Confusion matrix results

This is pretty effective and fairly consistent algorithm and program. I’ve ran it at least two dozen times, the lowest is low 92%’s, and the highest are low 94%’s.

With respect to turning dials and making tweaks, the biggest tweak is finding that about 100 messages is all it needed to make about the same level of consistent predictions.
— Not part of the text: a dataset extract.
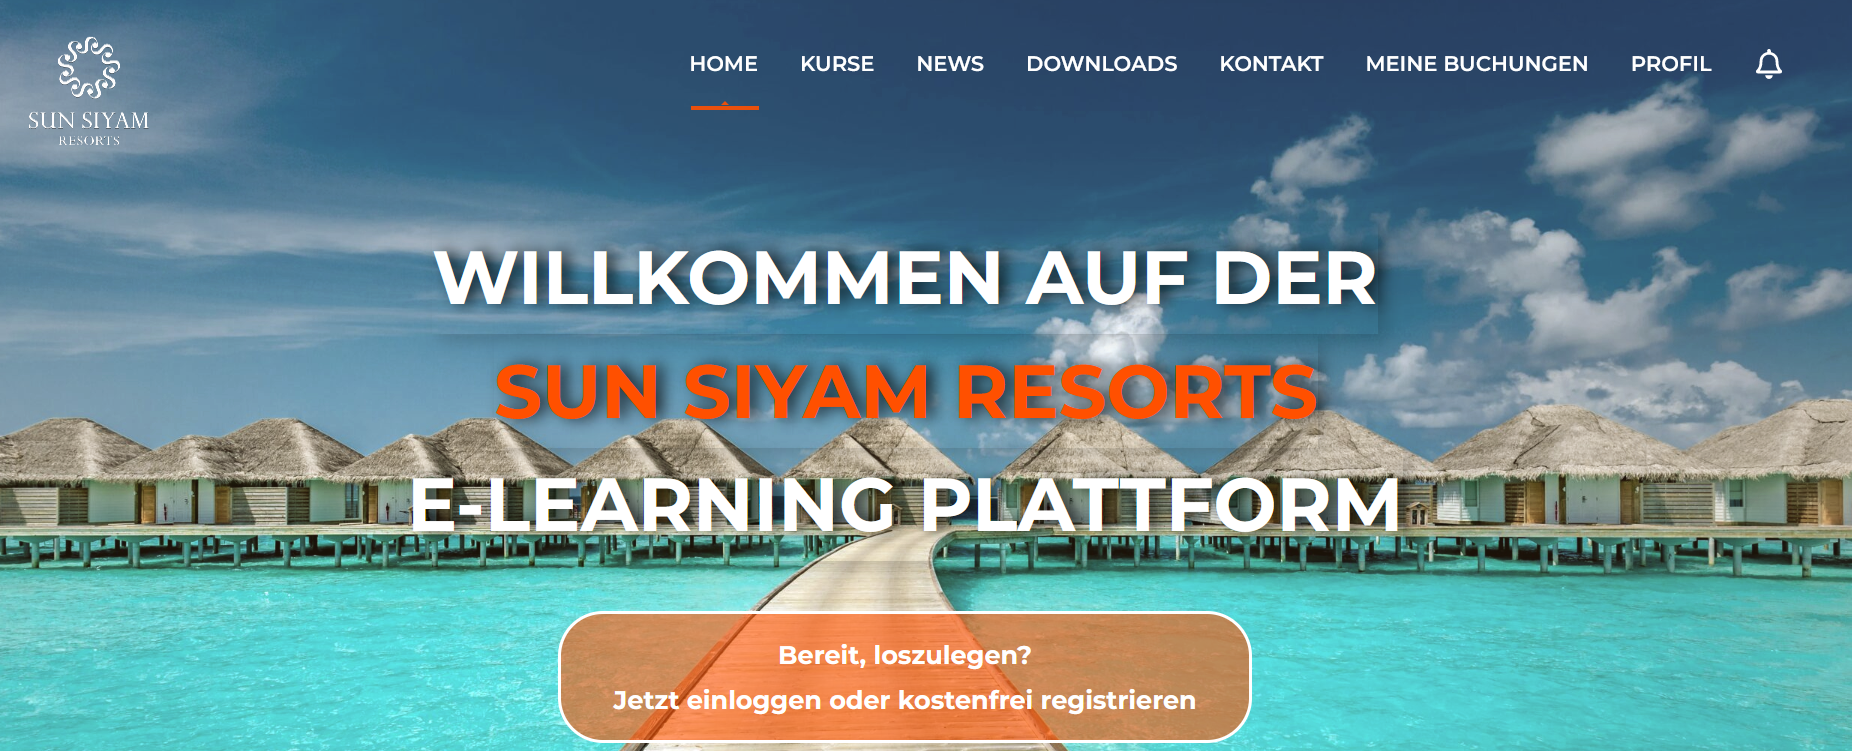 Sun Siyam Resorts запускает E-Learning платформу для агентов
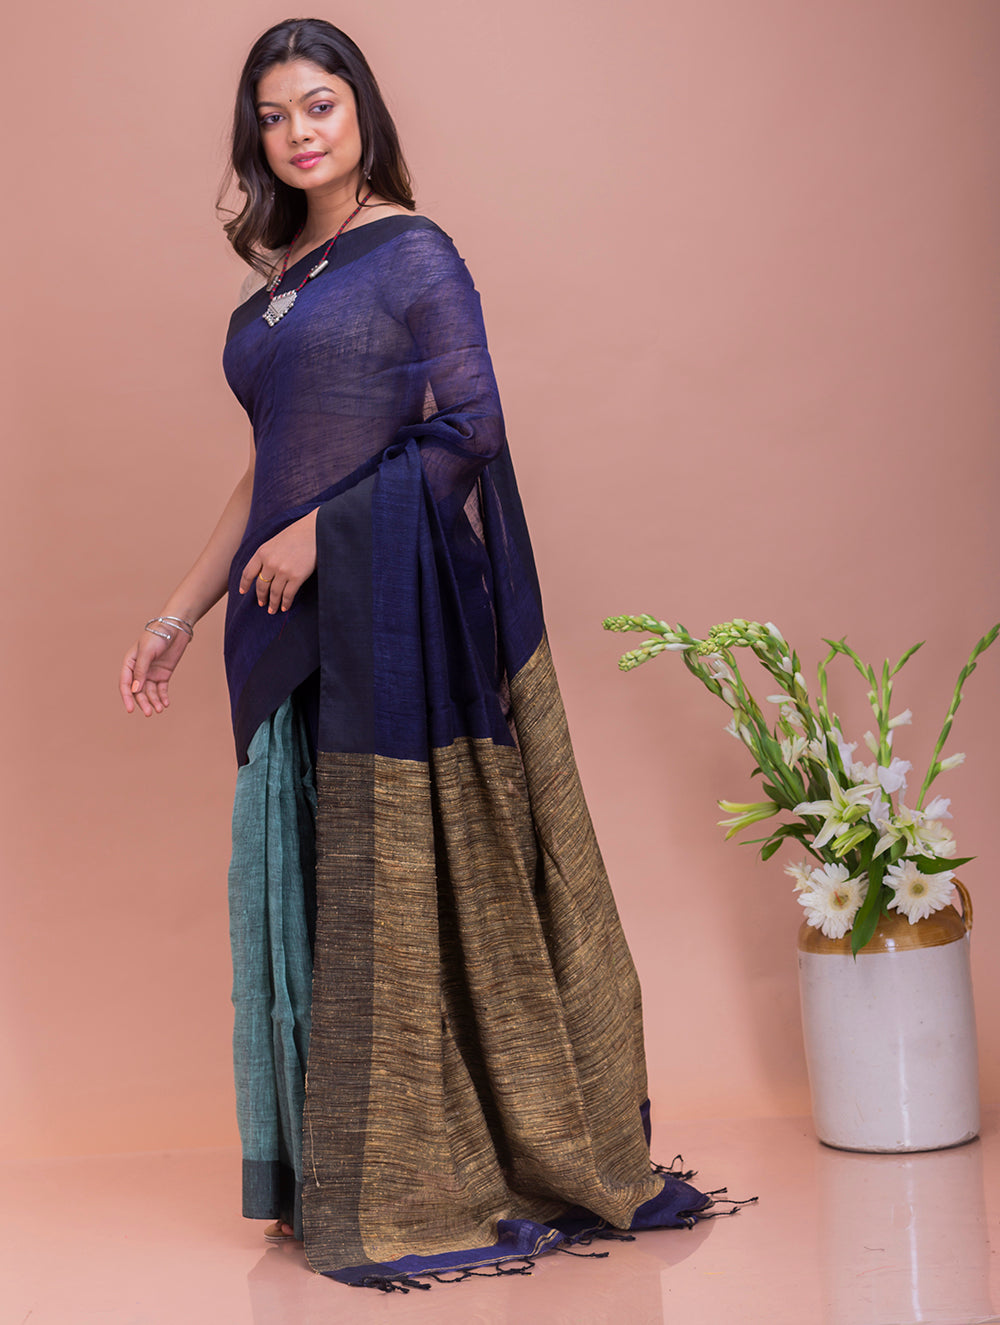 Load image into Gallery viewer, Soft Bengal Handwoven Linen Saree - Aqua Green &amp; Deep Blue

Please remember when reading the results to look at accuracy, confidence interval, and the reference/prediction block that shows errors and accurate predictions. this is how to read that chart.

Prediction  Reference 0 1
0 True Negative False Positive (Type 1 Error)
1 False Negative (Type 2 Error) True Positive
# print the confusion matrix
conf_mat <- confusionMatrix(predictions, true_labels)
print(conf_mat)
Confusion Matrix and Statistics

          Reference
Prediction    0    1
         0 1726   21
         1  274 1979
                                          
               Accuracy : 0.9262          
                 95% CI : (0.9177, 0.9342)
    No Information Rate : 0.5             
    P-Value [Acc > NIR] : < 2.2e-16       
                                          
                  Kappa : 0.8525          
                                          
 Mcnemar's Test P-Value : < 2.2e-16       
                                          
            Sensitivity : 0.8630          
            Specificity : 0.9895          
         Pos Pred Value : 0.9880          
         Neg Pred Value : 0.8784          
             Prevalence : 0.5000          
         Detection Rate : 0.4315          
   Detection Prevalence : 0.4368          
      Balanced Accuracy : 0.9263          
                                          
       'Positive' Class : 0